Das RAID-System ist in Laufwerke unterteilt, die für die Mitarbeiter zugänglich sind, sowie in Laufwerke, die nur für administrative Zwecke freigegeben sind, z. B. für komprimierte Backups oder verschlüsselte Images und Config Files. Als komplettes Hardware-RAID sind die Festplatten für Snapshots konfiguriert. Eine aktuelle Dateiversion steht sowohl auf dem Apple-Rechner als auch im RAID-System zur Verfügung. Die Klassifizierung wird über eine Datenbank-Anwendung vorgenommen.

Vor dem Einbau beim Anwender wurden die Festplatten ausgiebig getestet. Das Formatieren der acht Festplatten für den Aufbau des RAID-5-Verbundes nahm rund 24 Stunden in Anspruch. Die meiste Zeit wurde jedoch in die umfangreichen Burn-in-Tests investiert. Die Schreib- und Leseraten wurden über einen Zeitraum von circa 48 Stunden immer weiter nach oben gefahren und die Festplatten gezielt an ihre Leistungsgrenzen gebracht. Dass die Festplatten mit ihren 15.000 Umdrehungen pro Minute sehr heiß und laut werden, fiel in der abgeschotteten Umgebung jedoch nicht ins Gewicht. Die gesamte kritische Hardware, darunter auch die Netzteile, sind redundant ausgelegt.

Backup und Restore

Gesichert wird gewöhnlich über Journal Replication (Point-in-Time-Backup) oder Snapshot Replication, also kontinuierlich oder zu bestimmbaren Zeitpunkten.

Im Restore-Fall der Datenbank lässt sich eine LUN mithilfe von Snapshots auf einen früheren Zustand zurückfahren.
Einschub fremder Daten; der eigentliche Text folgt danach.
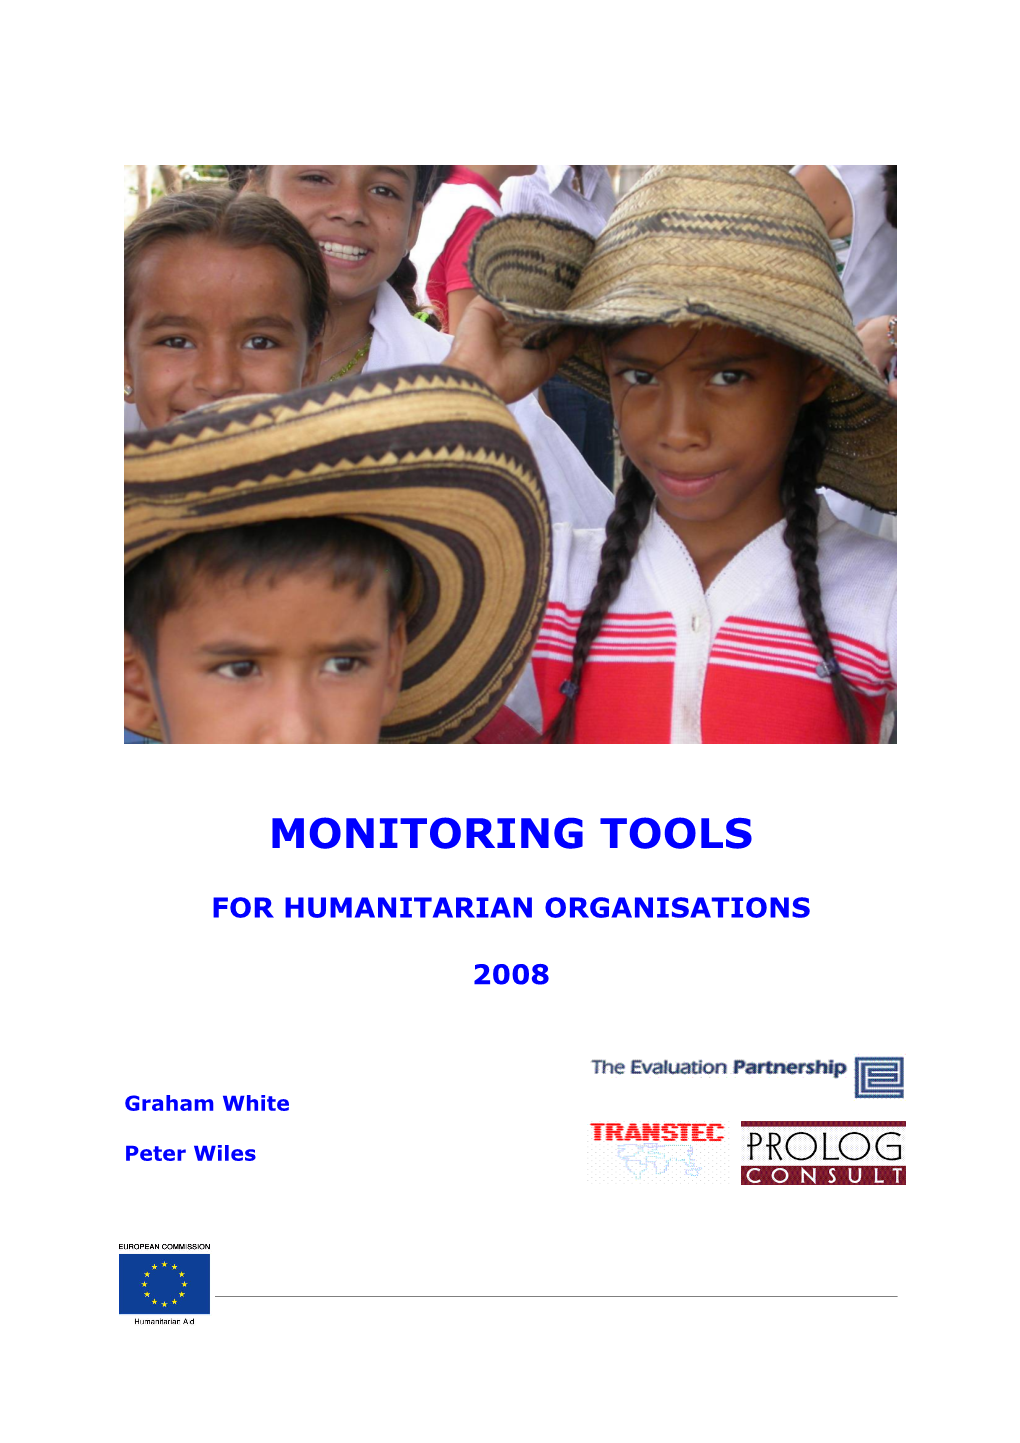 ECHO Monitoring Tools for Humanitarian Organisations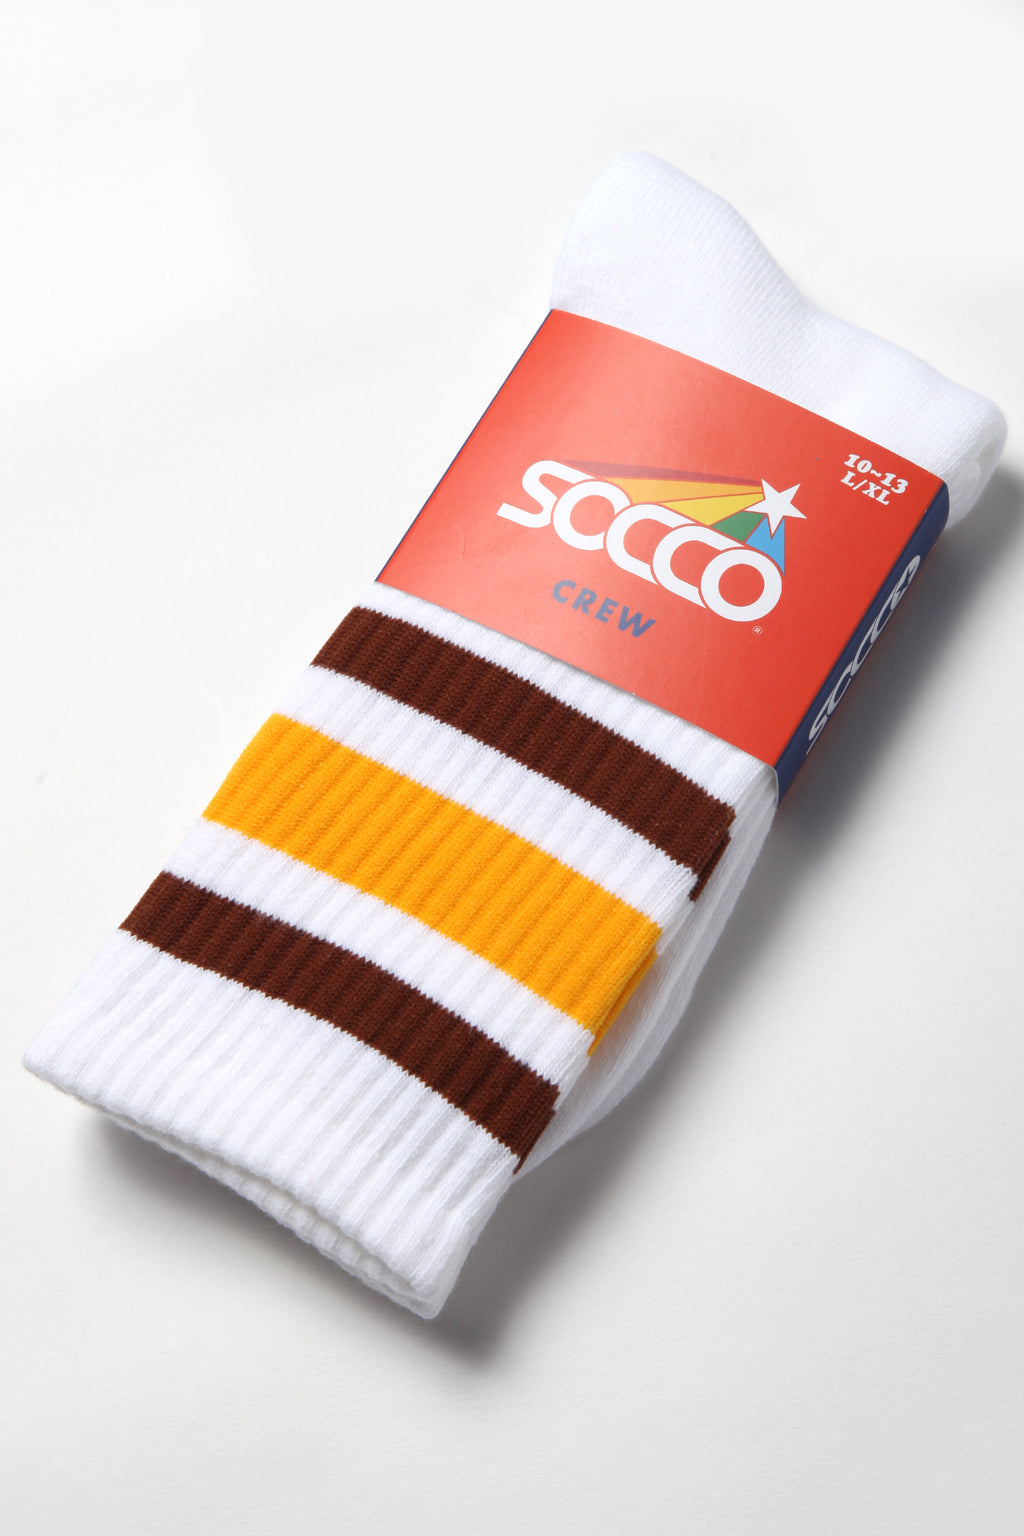 Socco - Striped Crew Socks - Brown/Yellow/White

Die Administration des Hardware-RAID-Verbundes erfolgt über einen direkten Zugriff mit Monitor und Tastatur, aber auch als Remote-Dienstleistung des Düsseldorfer Systemhauses.

Zum schnellen Arbeiten kam nur ein IP-basierendes Netzwerk mit Gigabit-Ethernet in Betracht, damit die Geschwindigkeit des RAID-Systems nicht im Netzwerk verloren geht und sich das Netzwerk als Trichter erweist. „Ein Consumer-Netzwerk mit 100 Megabit pro Sekunde erreicht bei der Datenübertragung ein theoretisches Maximum von 12,5 Megabyte pro Sekunde”, rechnet Christian Kummetat. „Die High-Performance-Festplatten wären gerade mal zu zehn Prozent ausgelastet gewesen.”

Um diesen Trichter-Effekt zu vermeiden, war die Realisierung eines Gigabit-Netzwerkes notwendig. Der maximale Datendurchsatz beträgt hierbei rund 125 Megabyte pro Sekunde und deckt sich somit mit den Schreib- und Lesewerten der Cheetah 15K.5. Um die Dateien entsprechend performant von jedem Rechner im Netzwerk zu übertragen, wurde das RAID-System mit zwei Gigabit-Ethernet-Karten ausgestattet, die per Bond virtuell zusammengeführt wurden.

Das Fazit: Der Fotograf Andreas Gursky kann nun auf eine performante und sichere Backup-Lösung zugreifen und so seine Fotografien für die Nachwelt erhalten.